In the CUBLAS documentation, I see that the data type for integers relaying matrix sizes and lengths is 32-bit integer. For example:
cublasStatus_t cublasSetVector(int n, int elemSize, const void *x, int incx, void *y, int incy)
Since n is a 32-bit integer, I am prohibited from transmitting a vector that has more than 2^31 entries to my 32 GB GPU.
Intel/MKL solved this problem many years ago through the use of compiler flags. Is there something like that that NVidia has implemented so that I can use CUBLAS to its fullest potential on my 32 GB GPU?
Thanks!
If you would like to transmit more than 2^31 entries, use cudaMemcpy (or cudaMemcpy2D) instead of cublasSetVector/cublasGetVector.
For certain math operations, the cublasXt api provides size_t ranges:
[url]https://docs.nvidia.com/cuda/cublas/index.html#unique_1199120842[/url]

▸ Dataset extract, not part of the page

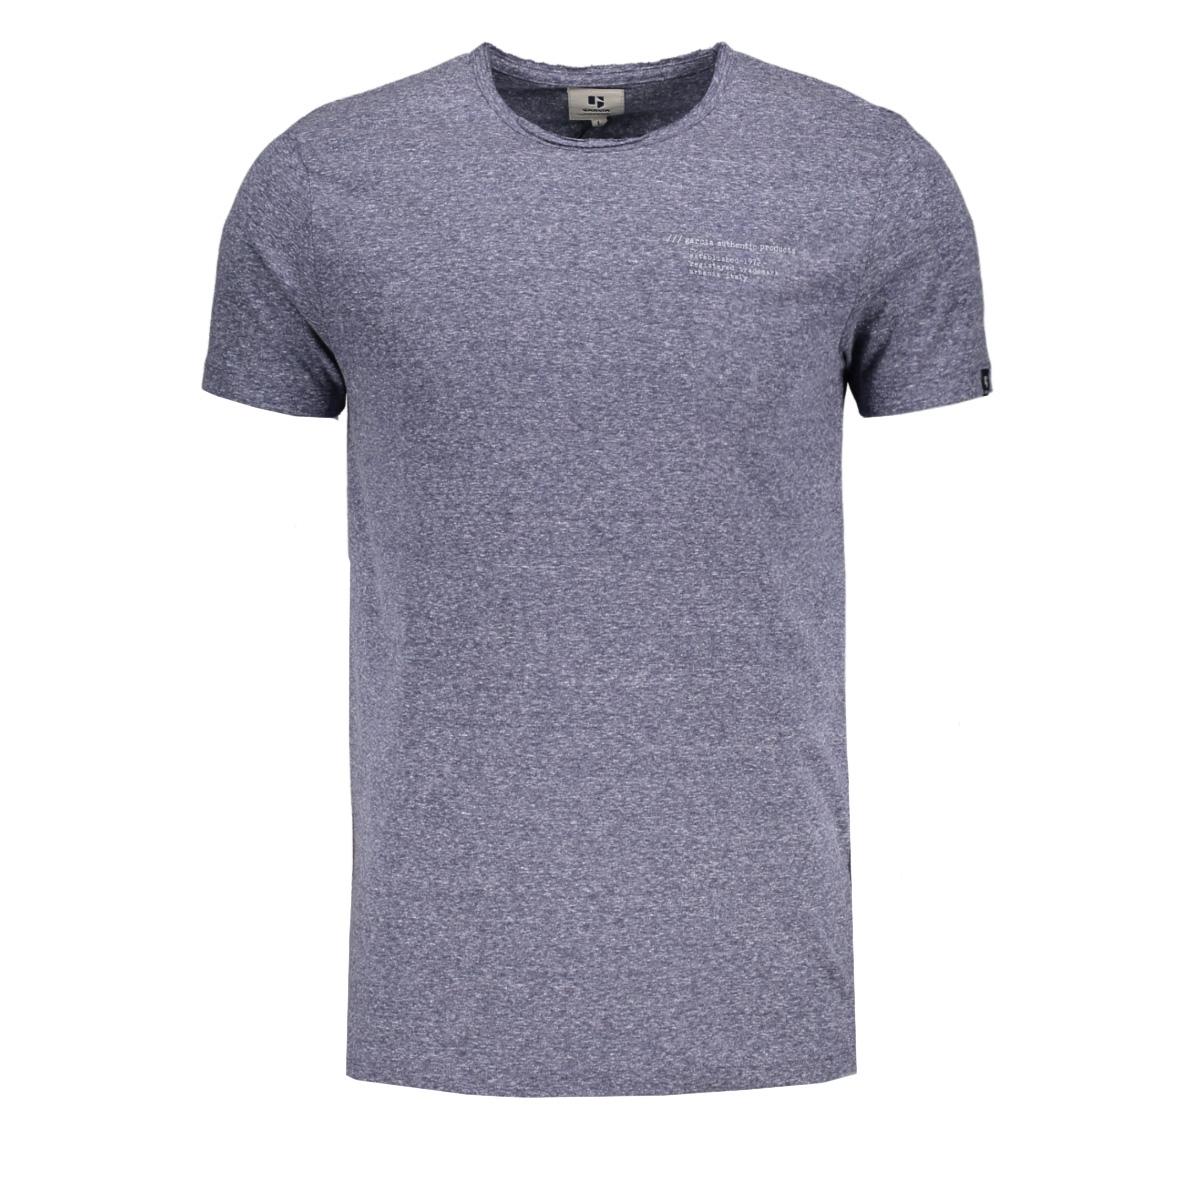 gs910104 garcia t-shirt 70

The cublasLt api also provides 64-bit ranges for matrix dimensions:
[url]https://docs.nvidia.com/cuda/cublas/index.html#using-the-cublasLt-api[/url]
[url]https://docs.nvidia.com/cuda/cublas/index.html#cublasLtMatrixLayoutCreate[/url]
If you would like to see a change in the cublas API, it’s recommended that you file a bug with RFE in the title. The instructions for filing a bug are linked to a sticky post at the top of the CUDA programming forum.
Thanks, Robert!
Yes, I can use cudaMemcpy. I picked cublasSetVector just as an example.
I actually need quite a bit more functionality beyond the blas-3 level routines like what is found in cublasXt. I use blas-1, blas-2, and blas-3 routines. Also, cublasXt routines must have complete control over the GPU memory, but my software cannot allow that.
I recently started using cusolver dense routines and I just noticed that this 32-bit limitation is there as well.
I will submit a bug regarding this issue.
Thanks again!